这样我们要在集群中监控什么数据,就变成了直接去操作 Kubernetes 集群的资源对象了,是不是方便很多了。上图中的 Service 和 ServiceMonitor 都是 Kubernetes 的资源,一个 ServiceMonitor 可以通过 labelSelector 的方式去匹配一类 Service,Prometheus 也可以通过 labelSelector 去匹配多个ServiceMonitor。
下载https://github.com/coreos/kube-prometheus,最好下载最新的Release版本。本文下载https://github.com/coreos/kube-prometheus/archive/v0.3.0.tar.gz。
mkdir prometheus
cd prometheus/
上传kube-prometheus-0.3.0.tar.gz,开始安装。
tar zxvf kube-prometheus-0.3.0.tar.gz
cd kube-prometheus-0.3.0/manifests/setup/
kubectl apply -f .
namespace/monitoring created
customresourcedefinition.apiextensions.k8s.io/alertmanagers.monitoring.coreos.com created
customresourcedefinition.apiextensions.k8s.io/podmonitors.monitoring.coreos.com created
customresourcedefinition.apiextensions.k8s.io/prometheuses.monitoring.coreos.com created
customresourcedefinition.apiextensions.k8s.io/prometheusrules.monitoring.coreos.com created
customresourcedefinition.apiextensions.k8s.io/servicemonitors.monitoring.coreos.com created
clusterrole.rbac.authorization.k8s.io/prometheus-operator created
clusterrolebinding.rbac.authorization.k8s.io/prometheus-operator created
deployment.apps/prometheus-operator created
service/prometheus-operator created
serviceaccount/prometheus-operator created
查看创建的CRDs。
kubectl get crd | grep coreos
alertmanagers.monitoring.coreos.com 2020-03-26T12:27:08Z
podmonitors.monitoring.coreos.com 2020-03-26T12:27:08Z
prometheuses.monitoring.coreos.com 2020-03-26T12:27:09Z
prometheusrules.monitoring.coreos.com 2020-03-26T12:27:10Z
servicemonitors.monitoring.coreos.com 2020-03-26T12:27:11Z
默认情况下,prometheus-serviceMonitorKubelet.yaml关联的kubelet的https-metrics(10250)端口拉取metrics数据,为了安全起见,kubelet关闭了匿名认证并开启了webhook授权,访问https-metrics端口需要认证和授权。http-metrics(10255)为只读端口,无须认证和授权。但默认情况下是不打开的,可以如下配置打开该端口。注意所有安装了kubelet服务的集群主机都需要配置。

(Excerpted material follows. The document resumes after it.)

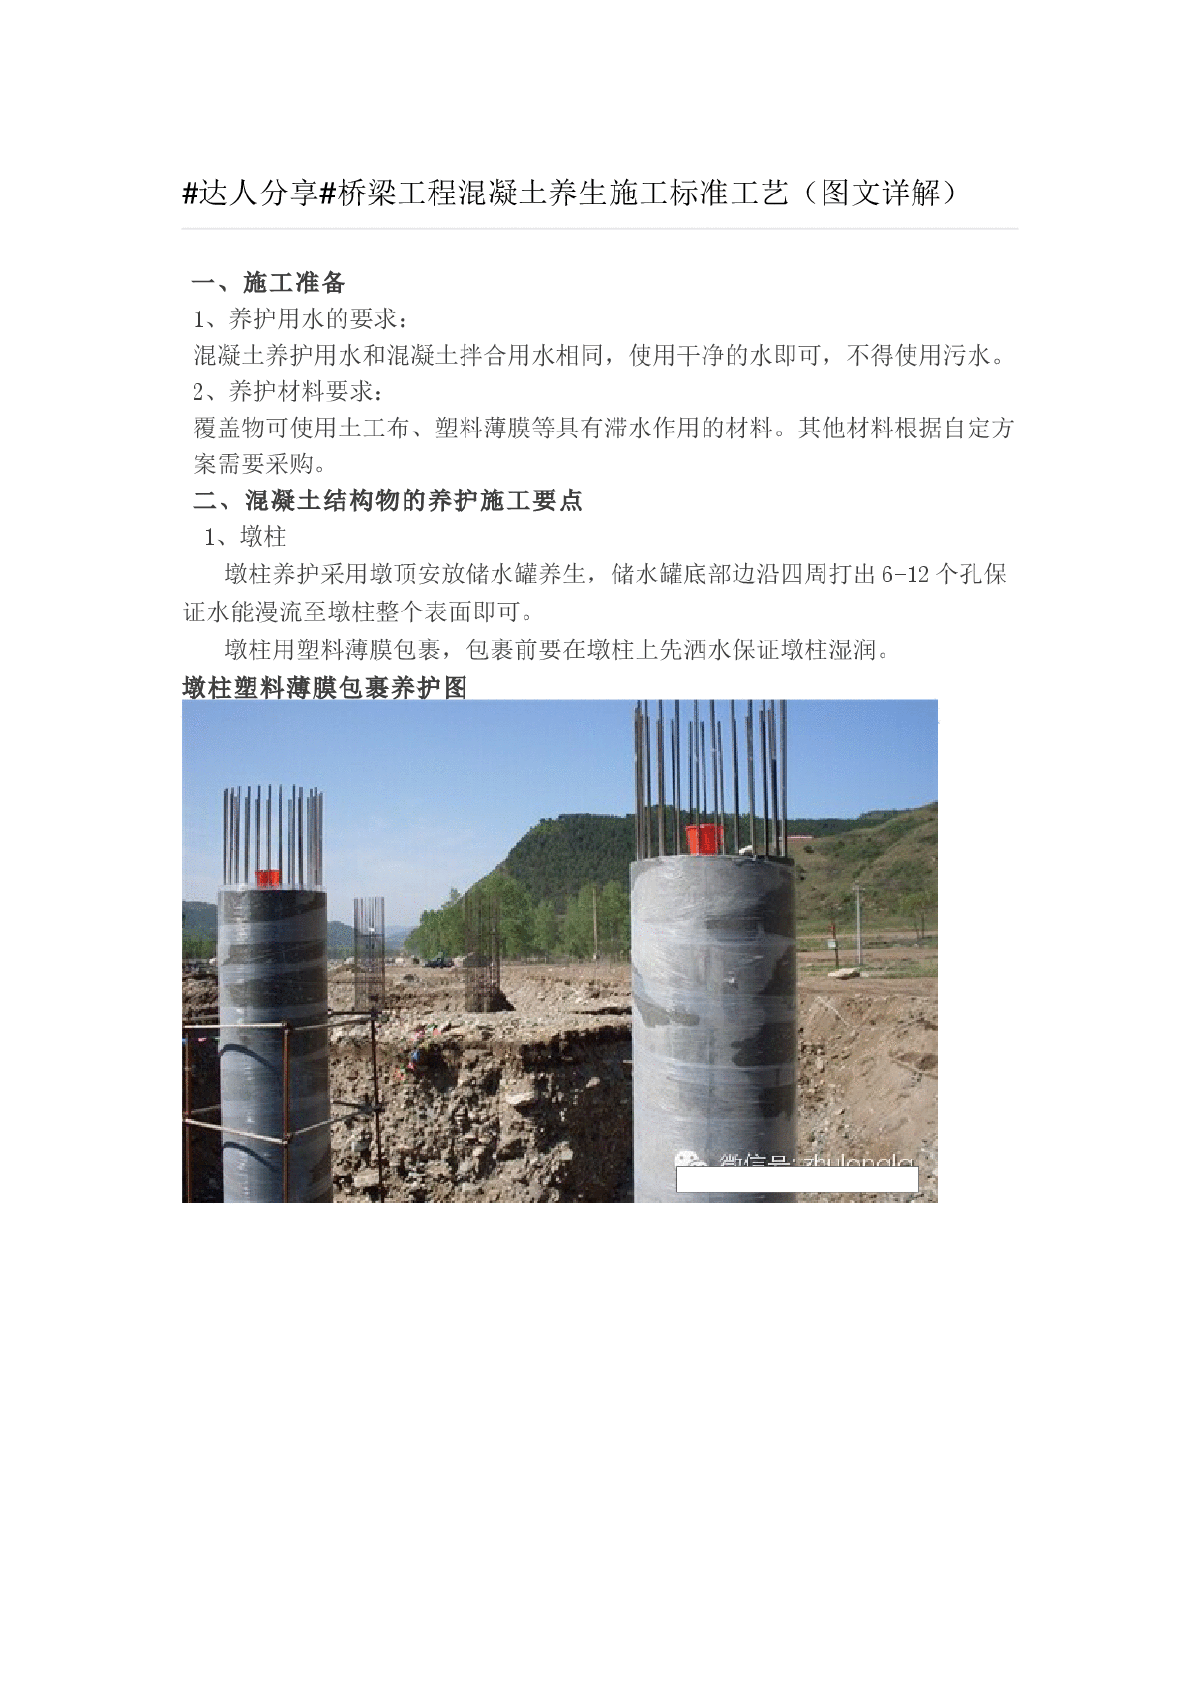 桥梁工程混凝土养生施工标准工艺（图文详解）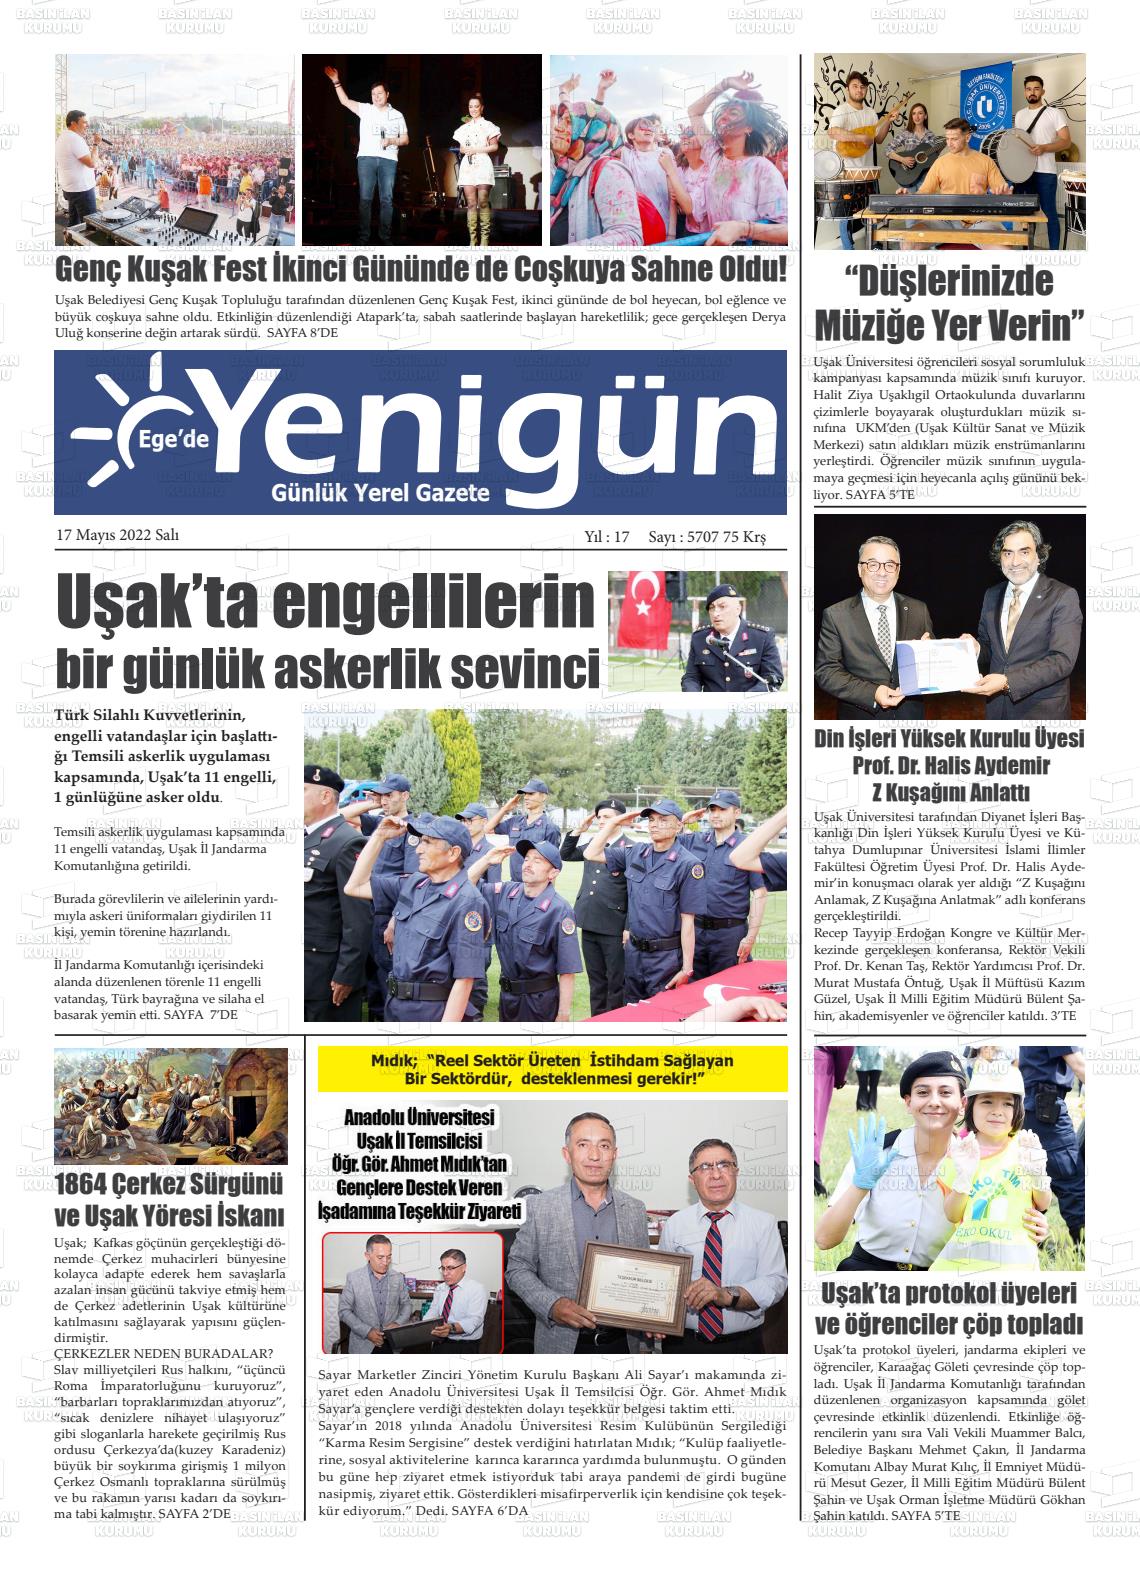 17 Mayıs 2022 EGE'DE YENİGÜN GAZETESİ Gazete Manşeti

vi /var/lib/kubelet/config.yaml
readOnlyPort: 10255
systemctl restart kubelet
然后将prometheus-serviceMonitorKubelet.yaml文件中的https-metrics更改成http-metrics即可。
cd ..
vi prometheus-serviceMonitorKubelet.yaml
port: https-metrics
scheme: https
#改为
port: http-metrics
scheme: http
为了Kubernetes集群外访问prometheus、grafana和alertmanager,可以配置NodePort或者Ingress,此处简单起见,直接修改为NodePort。

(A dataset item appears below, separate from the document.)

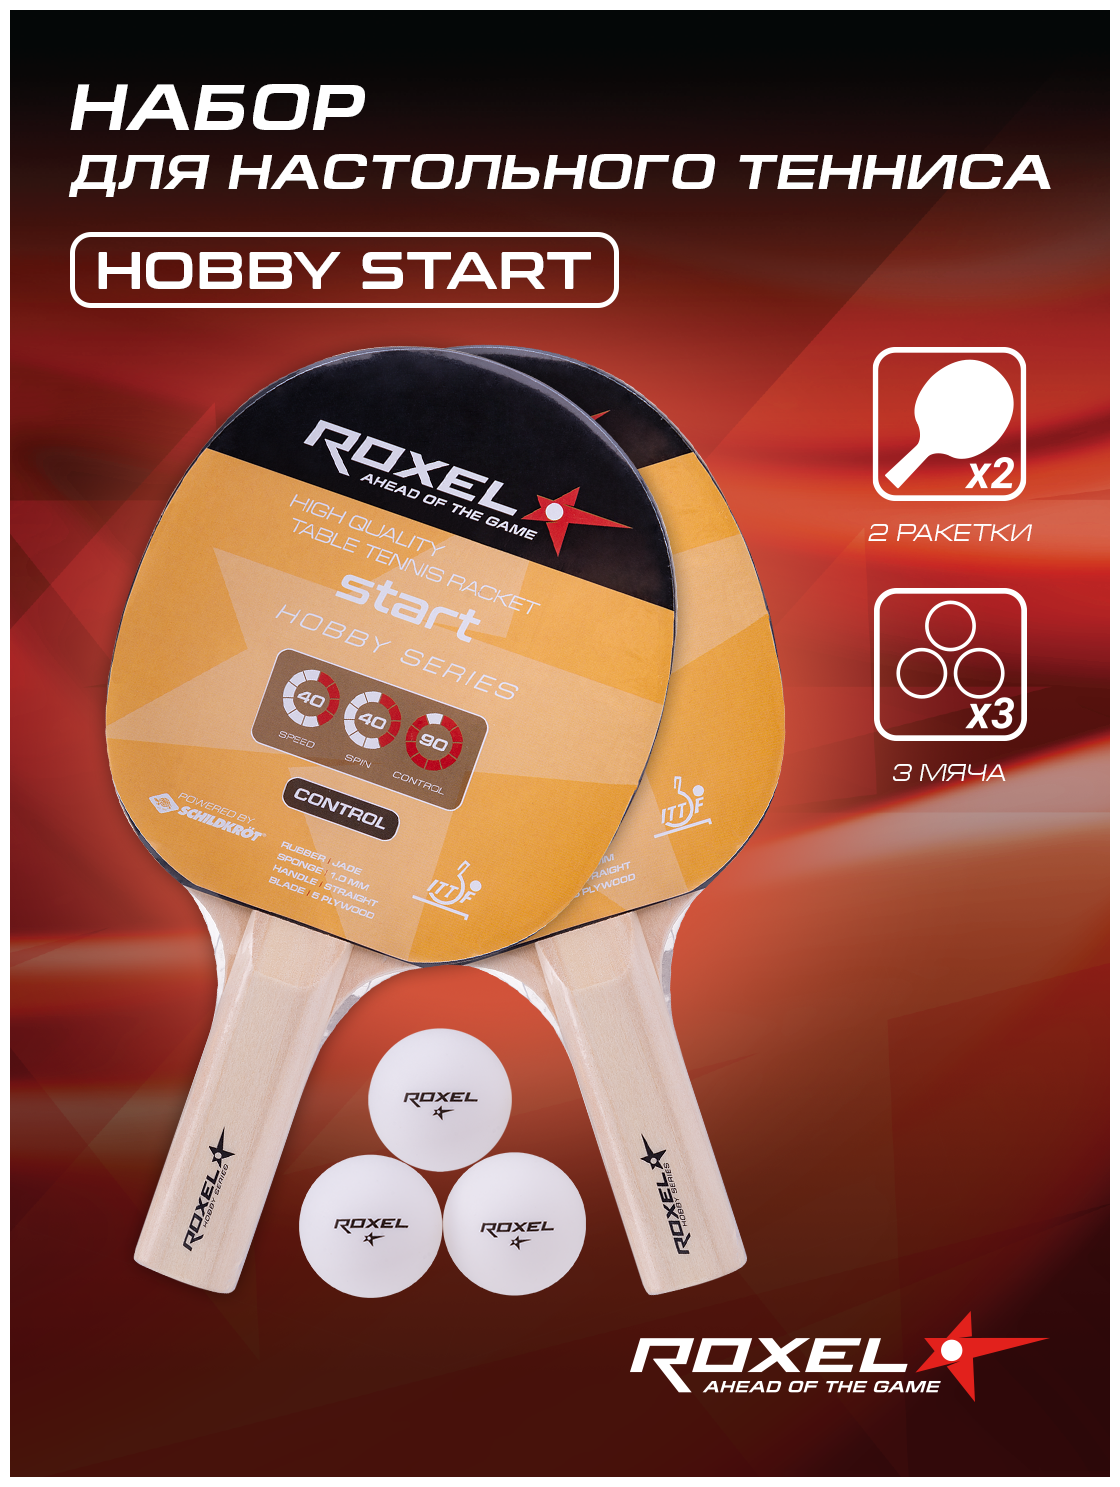 Набор н/т Roxel Hobby Start (2 ракетки + 3 мяча)

vi prometheus-service.yaml
type: NodePort
nodePort: 39090
vi grafana-service.yaml
type: NodePort
nodePort: 33000
vi alertmanager-service.yaml
type: NodePort
nodePort: 39093
prometheus-serviceMonitorKubeScheduler.yaml定义了监控kube-scheduler的ServiceMonitor。serviceMonitorKubeScheduler通过k8s-app=kube-scheduler和kube-scheduler服务关联,但Kubernetes缺省没有创建该service。可以先看一下对应的kube-scheduler-k8s-master这个pod,然后直接在manifests目录下定义kube-scheduler服务,下面统一部署。10251是kube-scheduler服务metrics数据所在的端口。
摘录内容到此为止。